Toma uno
Lo veo venir. Paró su BMW negro frente a mi carro. Las bocinas de las 6 de la mañana suenan repetidamente. Yo estoy atrapado entre su carro y el carro de atrás. No tengo maniobra. Se baja y durante un par de minutos interminables vocifera, grita, insulta, amenaza, escupe.
Con dos puñetazos feroces rompe los retrovisores, patea, cocea la lodera, me vuelve a retar a que me baje. Mi esposa, nerviosa, me agarra el brazo y me dice: «Carlos, no te bajes». No pensaba hacerlo. En un momento dado regresa a su carro. Metiendo solo medio cuerpo, busca bajo el asiento derecho, el del conductor. ¿Irá a sacar un arma? Pienso rápidamente en un plan de salida. Regresa con algo en su mano derecha. Es un teléfono. Respiro.
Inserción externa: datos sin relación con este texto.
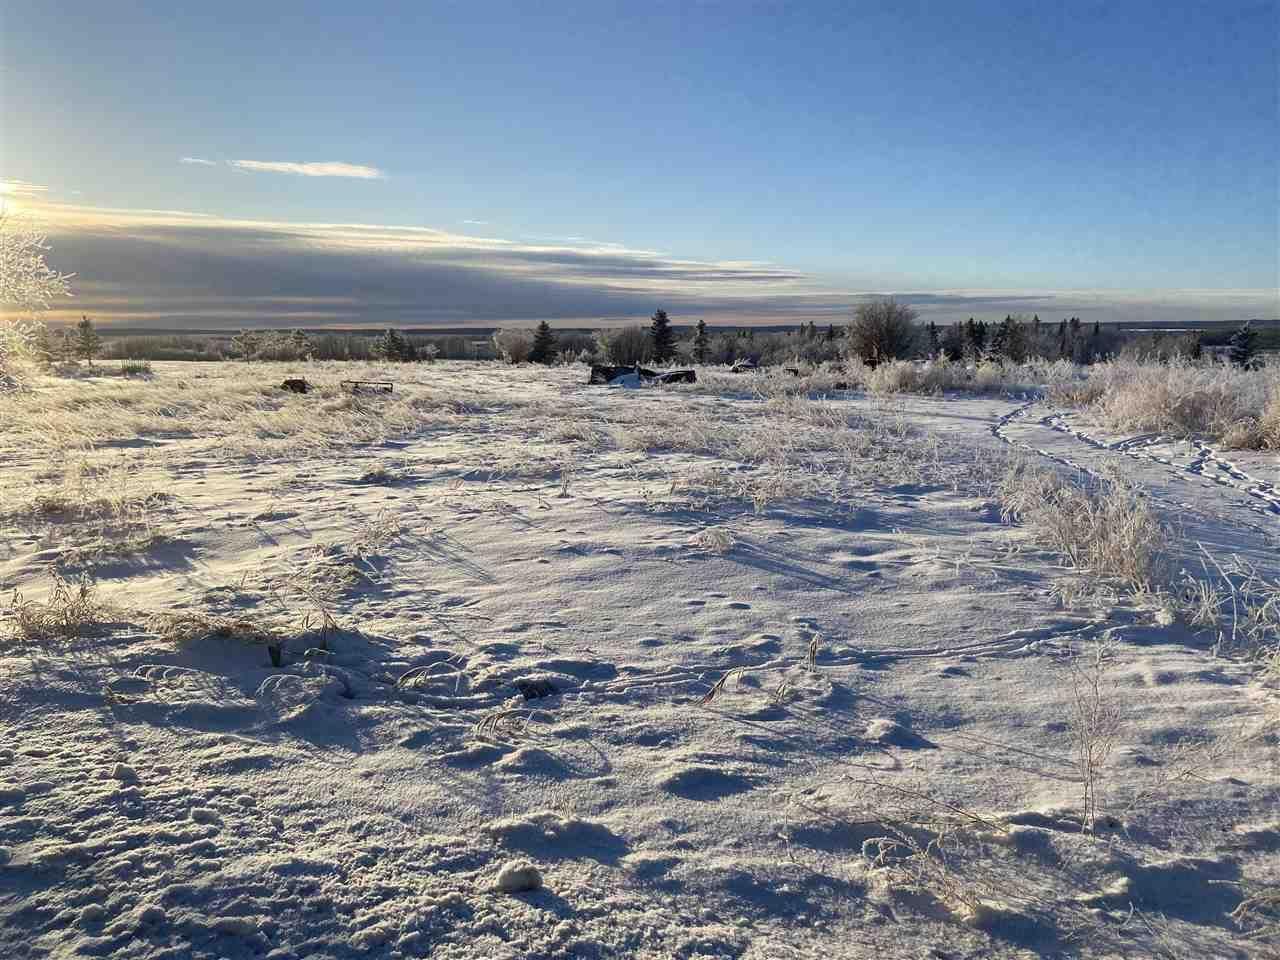 """Main Photo: 16598 259 Road in Fort St. John: Fort St. John - Rural E 100th Land for sale in """"ROSE PRAIRIE"""" (Fort St. John (Zone 60))  : MLS®# R2521724"""

Toma fotos, vuelve a patear mi carro y se va. Miro adelante y veo una radiopatrulla. Arranco, la rebaso y hablo con el policía. Detenemos el BMW y al agresor. Paolo, de 21 años, estudiante universitario, ojos claros y agresivos, tenía derecho a hacerme esto porque había topado su retrovisor en una parte de mi carro. A él y a su propiedad no se los toca ni por accidente. Si va armado me mata. Estoy seguro.
Toma dos
Mi amiga Elena estuvo ayer en el Congreso. Se fue a sentar donde nos encontrábamos las personas que apoyábamos las reformas. Ella es como yo, hija de un padre extranjero y de otro guatemalteco, y eso a ella se le nota. Inmediatamente la identificaron. Lo veían, tomaban fotos, murmuraban, señalaban.
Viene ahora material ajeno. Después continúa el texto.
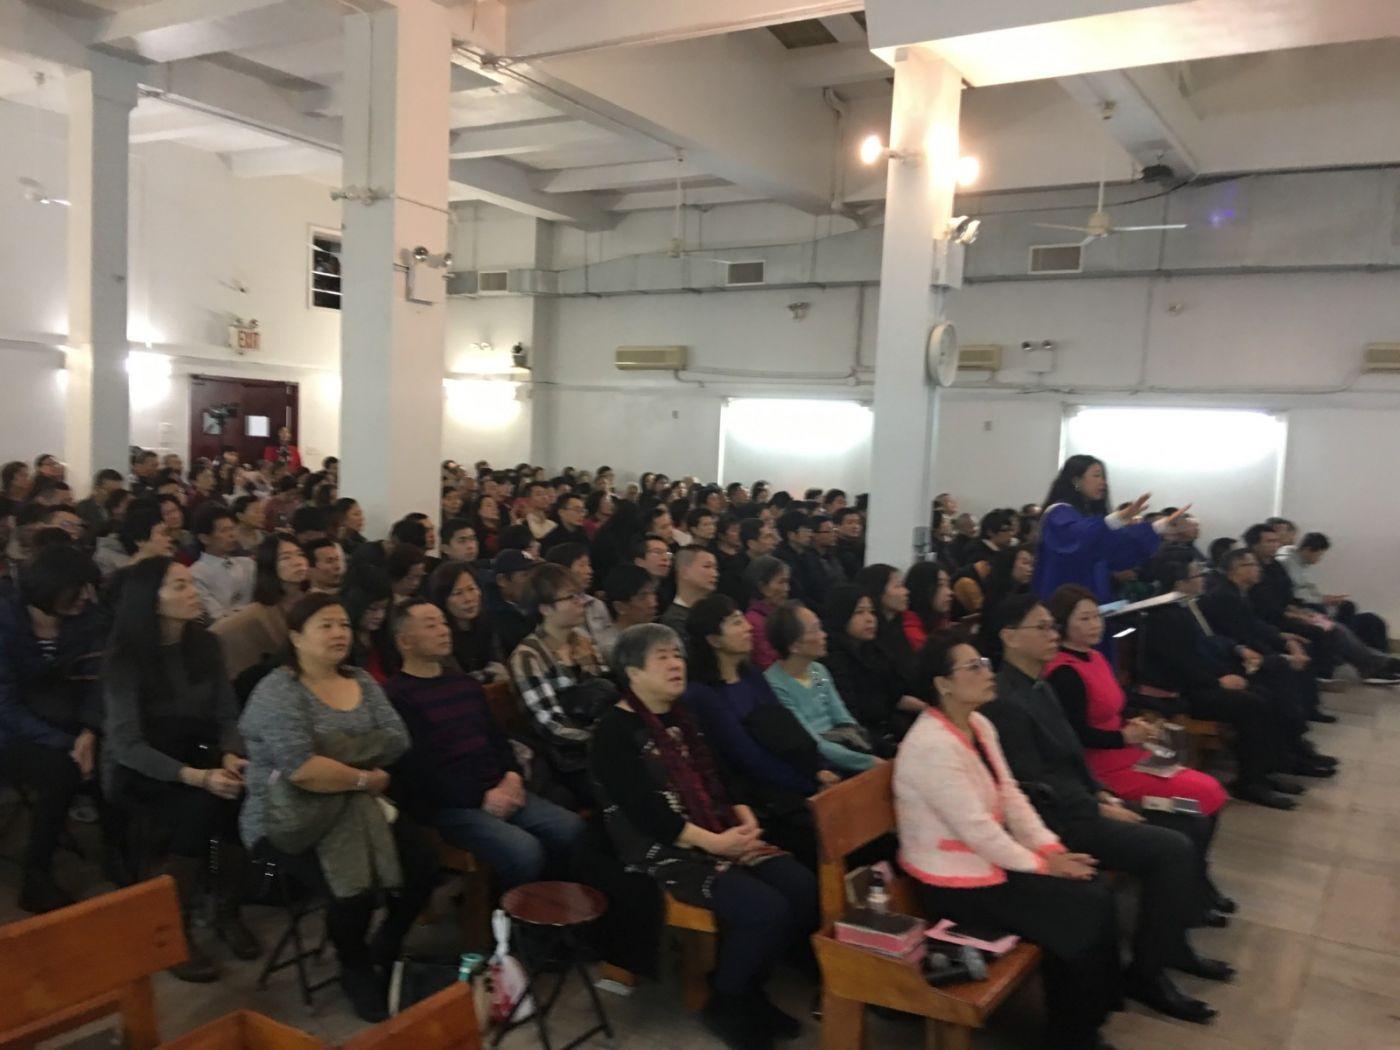 2019紐約基督閩恩教會舉辦感恩節崇拜_图1-8

Y sí. Ocurrió lo que ustedes están pensando. Una señora de unos 55 años se le acercó y le ordenó que se regresara a su país. Le advirtió que le habían tomado fotos y que en Guatemala no era bienvenida. «Nosotros, los verdaderos patriotas, no permitimos injerencia extranjera», dijo. Al día siguiente reconoció a la señora en la foto en primera plana de uno de los diarios, en la cual se veía gritando y señalando al hemiciclo en actitud agresiva.
Toma tres
Cinco de la mañana. Antes de iniciar mi partido diario de tenis saco el tema de la brutal agresión que sufrieron las niñas ante mis compañeros madrugadores. La conversación se desvía y empiezan a surgir la frasecita «derecho a libre locomoción», la imprudencia de las niñas y las justificaciones para el conductor.
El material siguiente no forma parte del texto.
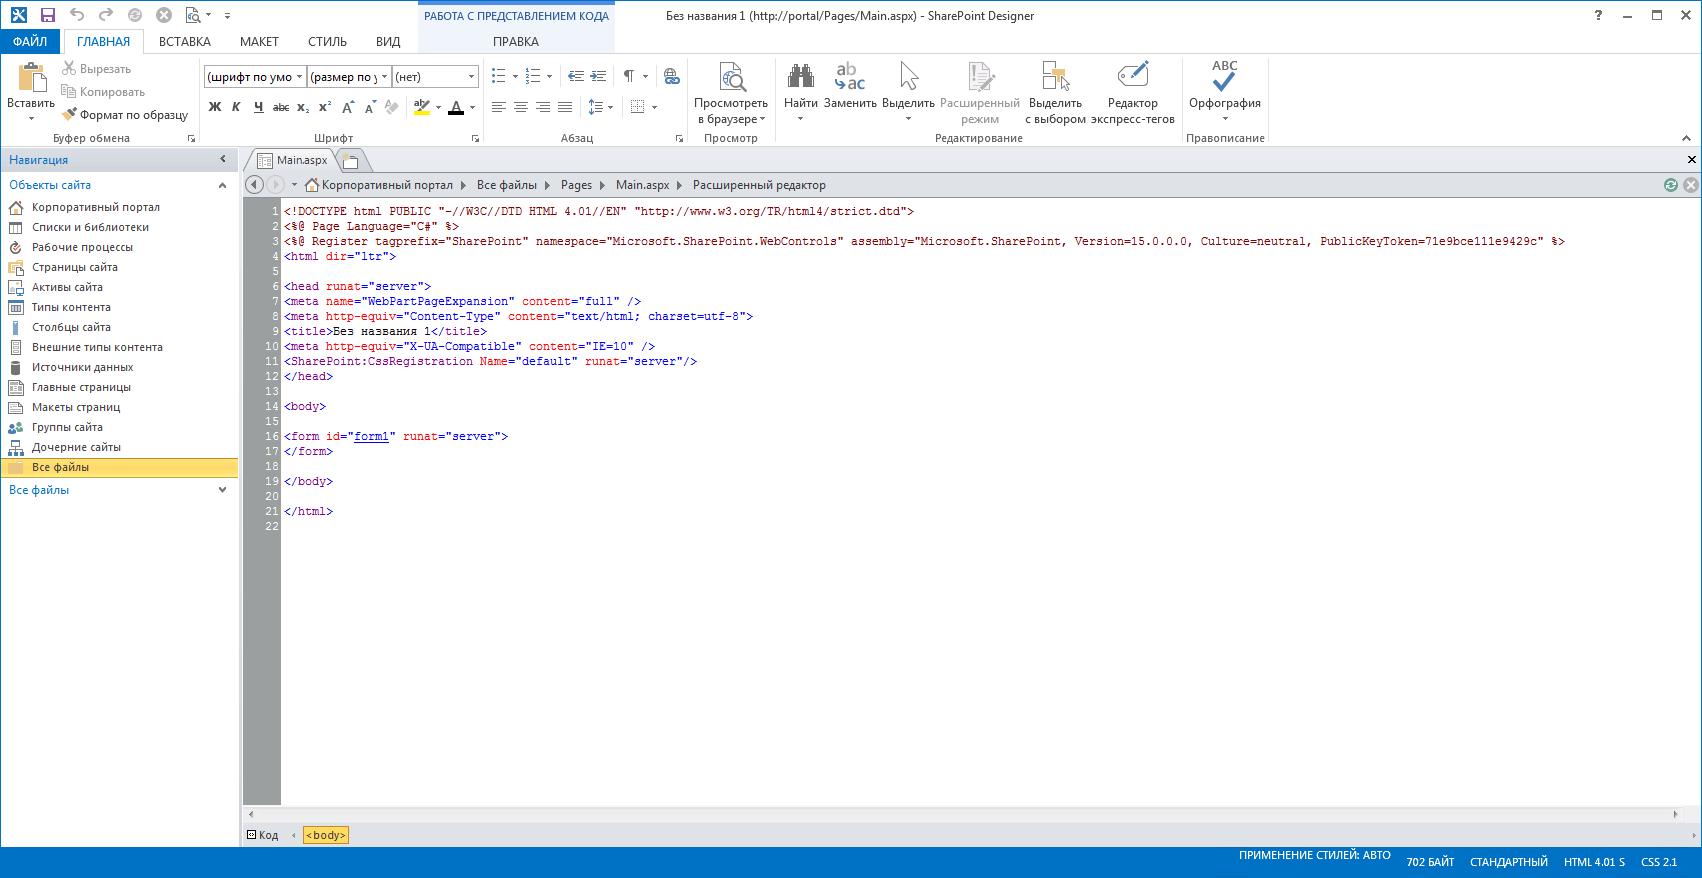 Создание страницы Main.aspx

Oyéndolos, pienso en el discurso predominante y en su imposición en el subconsciente colectivo. Ninguno de ellos se ha quedado atascado en una manifestación. Sin embargo, utilizan ese recurso y esa historia como si se les hubiera ido la vida y todo su capital en ello.
Toma cuatro
Hoy pienso en las niñas con sus faldas a cuadros y su suéter de uniforme saliendo a la calle y ejerciendo ciudadanía. Habían preparado sus carteles reivindicativos. Pedían a las autoridades del centro y del ministerio la solución a sus problemas, que, vistos desde afuera, nos parecerían vacuos: una excursión, cuentas del manejo de unos fondos por parte de maestros (maldita corrupción), nombramientos de personal. Cosas de adolescentes preocupados por su futuro. Seguro el día anterior se habían reunido a la salida del instituto, en la tienda de la esquina, y se habían repartido el trabajo, las cartulinas, los marcadores, el contenido, las acciones y la logística.
Y pienso en mí y en mi esposa, en el tipo violento que nos agredió, en la seguridad de que, de haber tenido un arma, la habría usado en mi contra y en las ganas de matar que tuvo el agresor de los estudiantes. También pienso en mi amiga y en las amenazas gratuitas que recibió porque se ajusta al estereotipo de cooperante izquierdista extranjera, cuando tenía el mismo derecho a estar allí que la señora bien que la amedrentó.
Guatemala es de los violentos, de los excluyentes, de los simples, de los racistas. Estoy cansado. Voy a pedir vacaciones como aquel.